Consider the network topology shown below. Assume that the processing delay at all the nodes is negligible.

  1. The sender sends two 1000-byte data packets back-to-back with a negligible inter-packet delay. The queue has no other packets. What is the time delay between the arrival of the first bit of the second packet and the first bit of the first packet at the receiver?
    After the first bit of the first packet arrives at the receiver, it will take 1 millisecond for the rest of the packet to arrive (1000 bytes at 1 million bytes/sec).

    Since the connection from the sender is much faster than the connection to the receiver, the second packet arrives in the queue before the first packet has been completely sent to the receiver. That means that the first bit of the second packet is available for sending right after the last bit of the first packet.

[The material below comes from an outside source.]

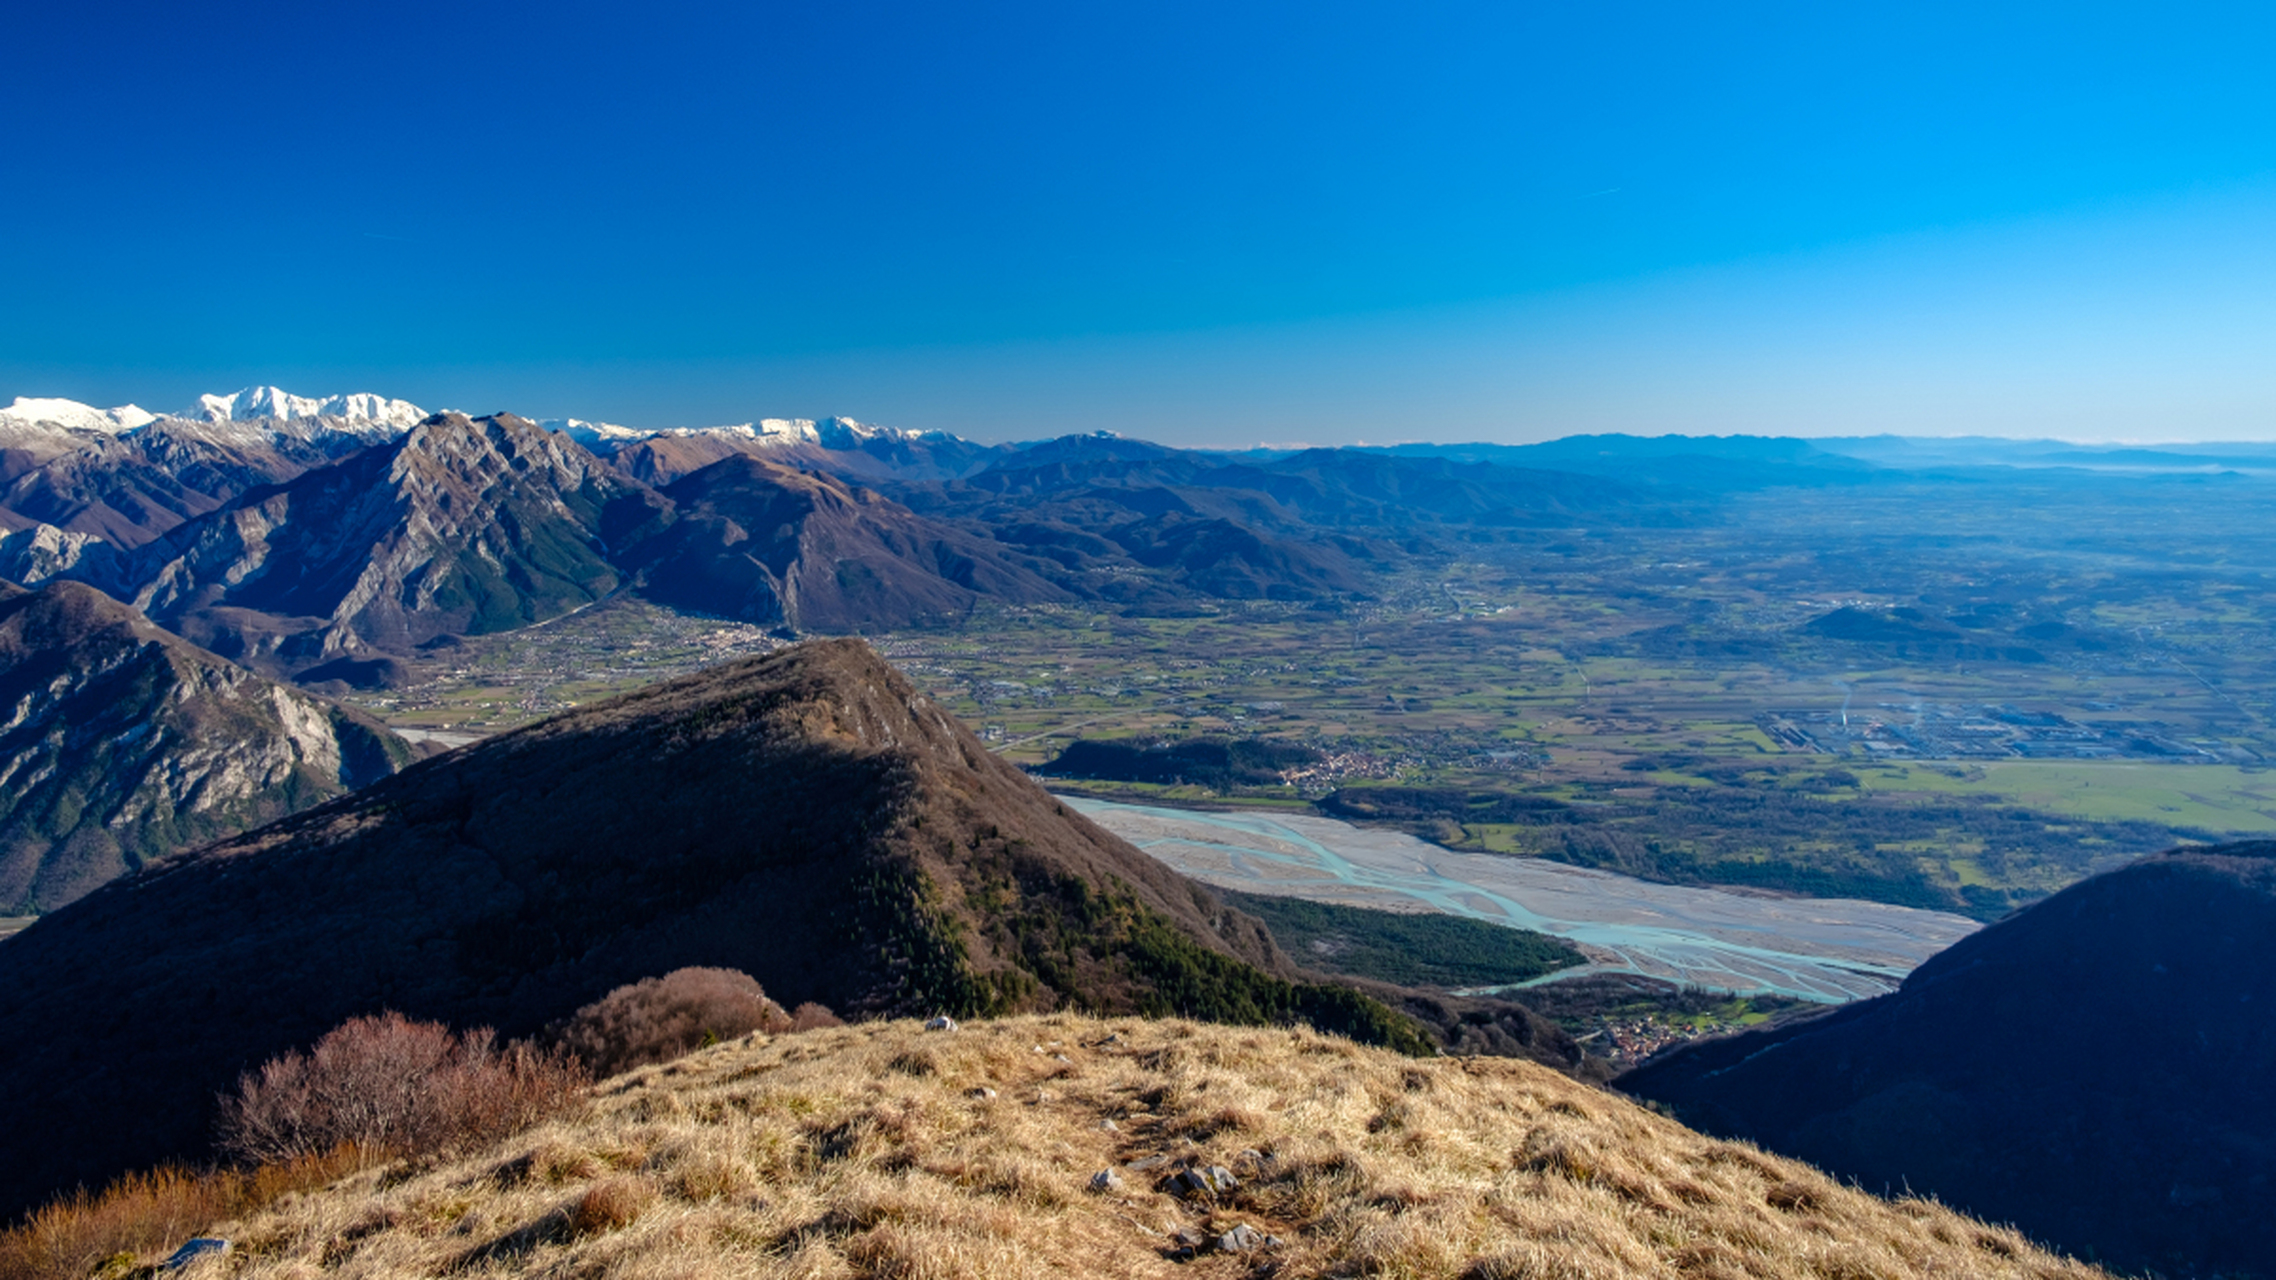 阿巴拉契亚山脉,是一座宛如诗意般的自然奇观,它傲然屹立在大地之上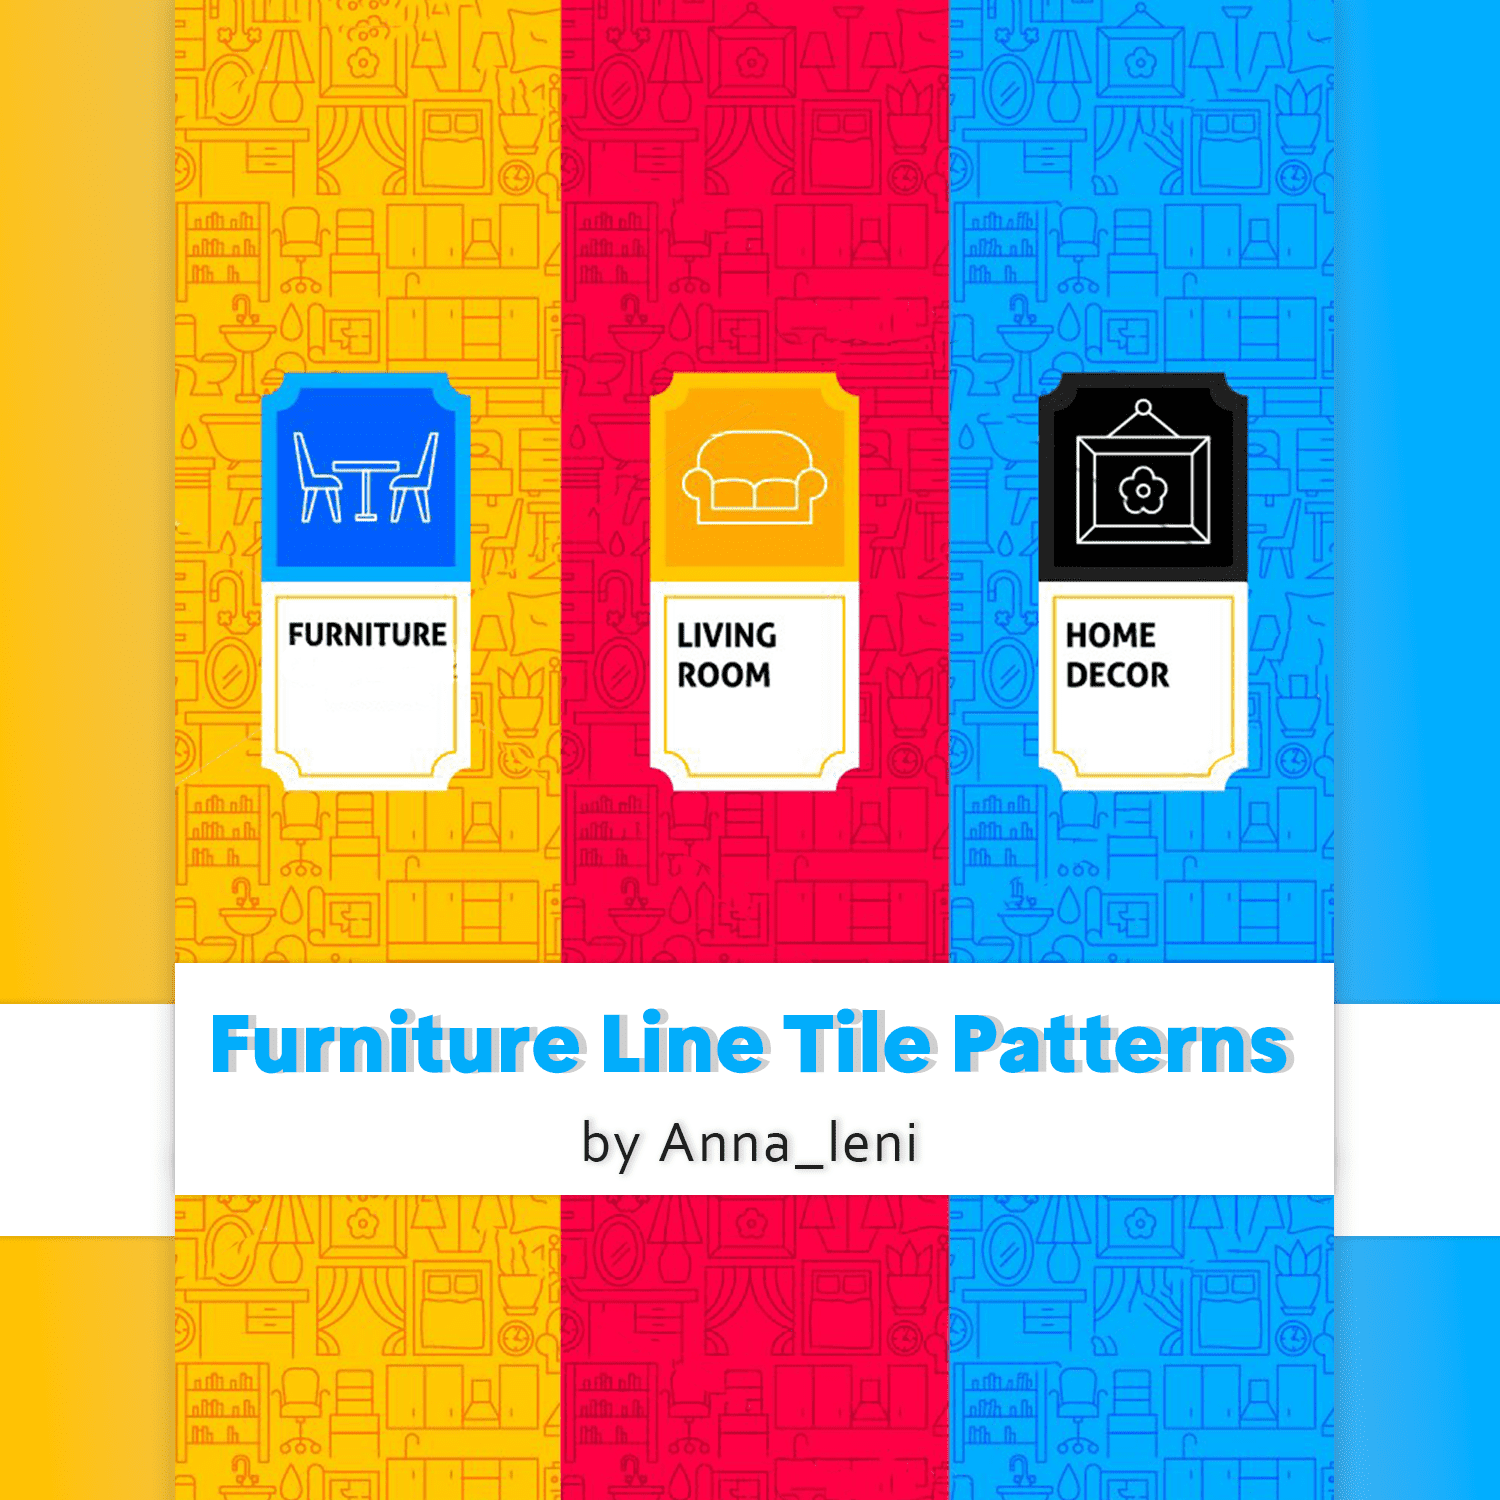 Furniture Line Tile Patterns cover.

    So the total delay is 1 ms.

  2. The receiver acknowledges each 1000-byte data packet to the sender, and each acknowledgment has a size A = 100 bytes. What is the minimum possible round trip time between the sender and receiver? The round trip time is defined as the duration between the transmission of a packet and the receipt of an acknowledgment for it.
    The propagation time from the sender to the receiver is 11 ms, which is how long the first bit of a packet takes to arrive assuming no queueing delay in the switch. It then takes another 1 ms for the rest of the packet to arrive. So it takes 12 ms for the complete packet to arrive at the receiver.

    After the complete packet has arrived, the receiver generates an acknowledgment, which takes another 10.1 ms to completely arrive at the switch. Assuming the switch doesn't forward the acknowledgment until it completely arrives, then it takes another 1.001 ms for the acknowledgment to completely arrive at the sender.

    Round trip time = 12 + 10.1 + 1.001 = 23.101 ms. In less picky mode, we'd probably ignore the transmission times of the small packet (.101 ms) as being relatively immaterial.

Problem .

Annette Werker has developed a new switch. In this switch, 10% of the packets are processed on the "slow path", which incurs an average delay of 1 millisecond. All the other packets are processed on the "fast path", incurring an average delay of 0.1 milliseconds. Annette observes the switch over a period of time and finds that the average number of packets in it is 19. What is the average rate, in packets per second, at which the switch processes packets?

N = 19 packets
D = (.1)(1 ms) + (.9)(.1 ms) = .19 ms
λ = N/D = 19/.00019 = 100000 packets/s

Problem .

Alyssa P. Hacker designs a switch for a circuit-switched network to send data on a 1 Megabit/s link using time division multiplexing (TDM). The switch supports a maximum of 20 different simultaneous conversations on the link, and any given sender transmits data in frames of size 2000 bits. Over a period of time, Alyssa finds that the average number of conversations simultaneously using the link is 10. The switch forwards a data frame sent by a given sender every δ seconds according to TDM. Determine the value of δ

Each frame (2000 bits) takes 2e3/1e6 = 2 ms. With 20 conversations, it takes 20*2 = 40 ms for one complete cycle (δ) through the TDM schedule.